*YOUR OBJECTIVE:*
Copy the data precisely, character for character, and leave out every picture.

*SUPPLIED DATA:*
::::::

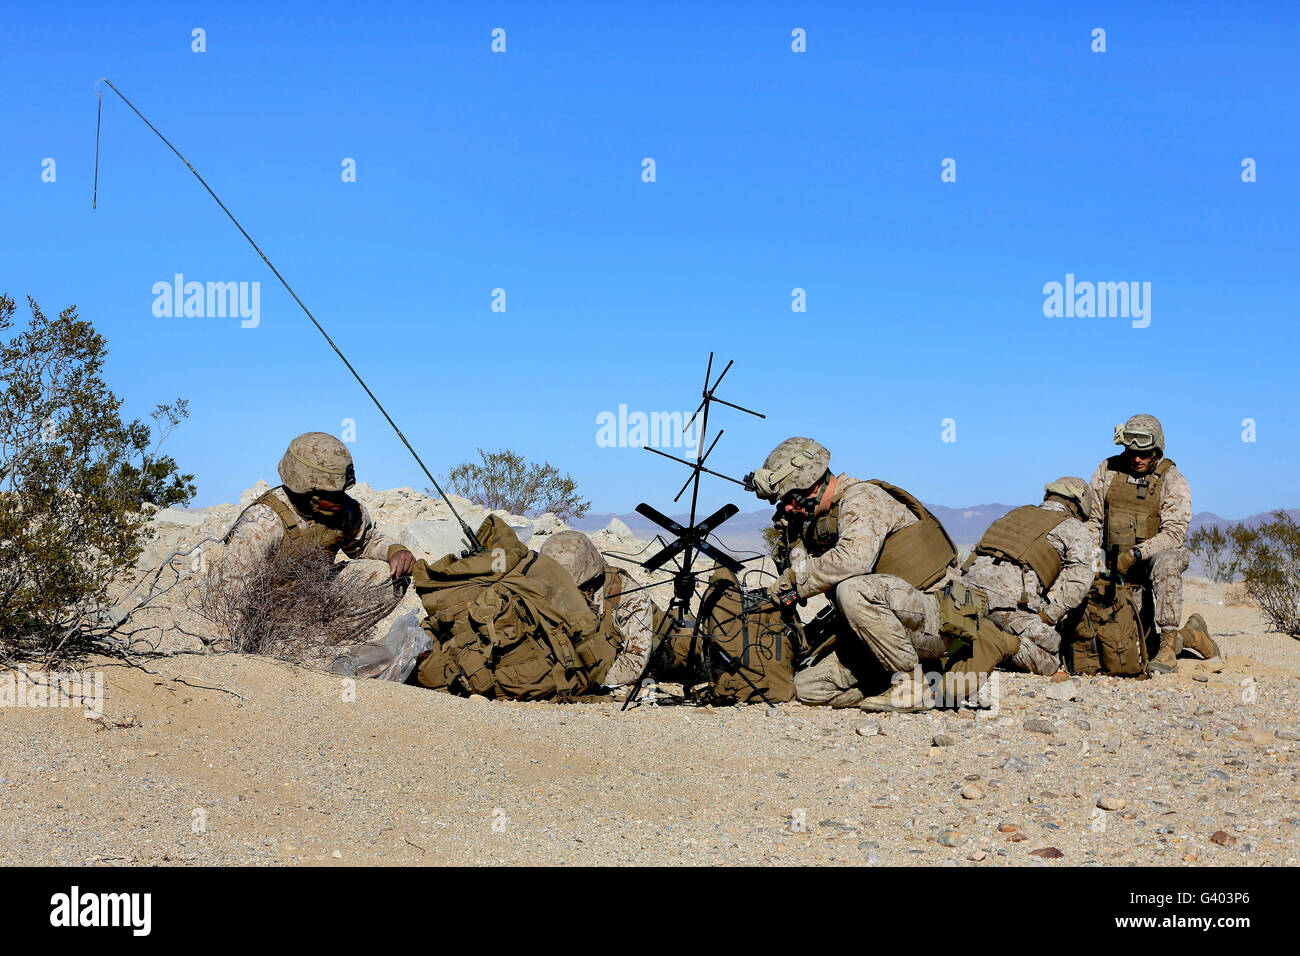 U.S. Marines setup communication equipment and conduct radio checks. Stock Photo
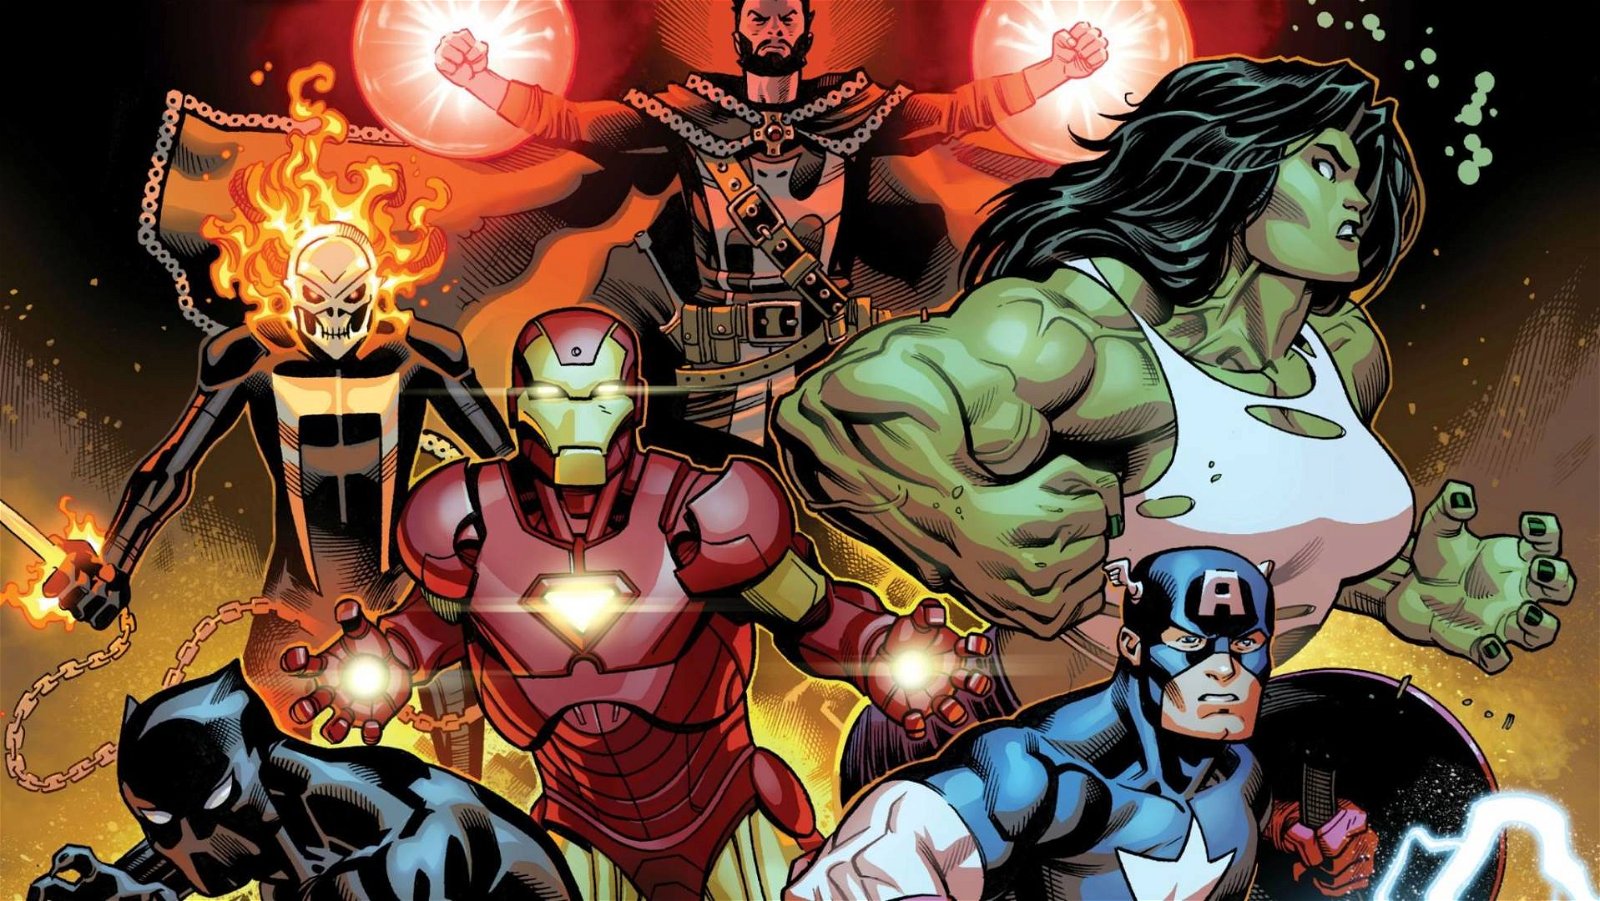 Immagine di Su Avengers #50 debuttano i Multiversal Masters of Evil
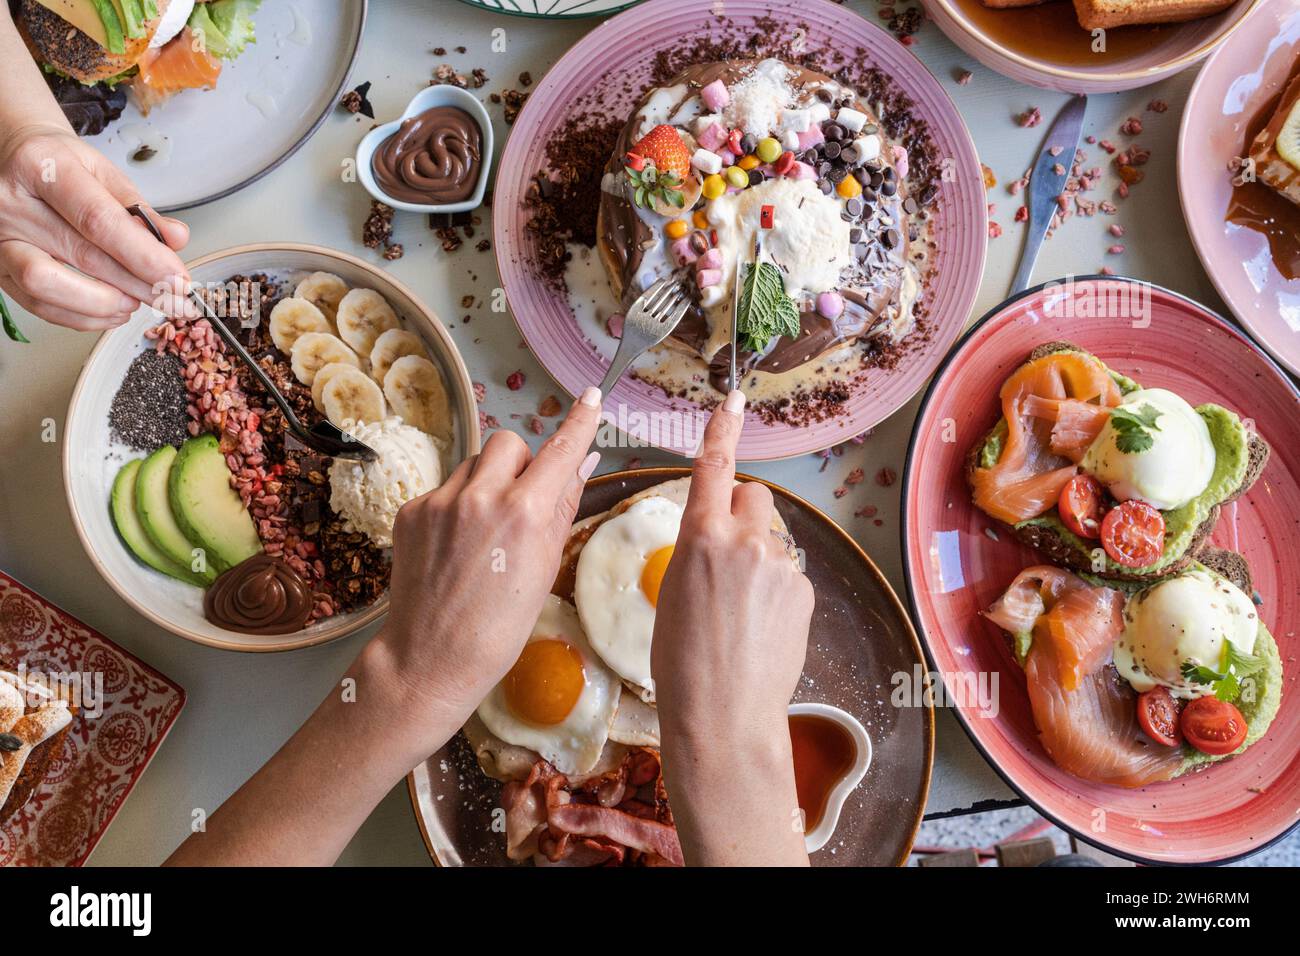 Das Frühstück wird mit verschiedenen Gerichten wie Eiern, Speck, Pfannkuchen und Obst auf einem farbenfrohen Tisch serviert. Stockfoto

::::::

*TASK ANSWER:*
 U.S. Marines setup communication equipment and conduct radio checks. Stock Photo
 Immagine di Su Avengers #50 debuttano i Multiversal Masters of Evil
 Das Frühstück wird mit verschiedenen Gerichten wie Eiern, Speck, Pfannkuchen und Obst auf einem farbenfrohen Tisch serviert. Stockfoto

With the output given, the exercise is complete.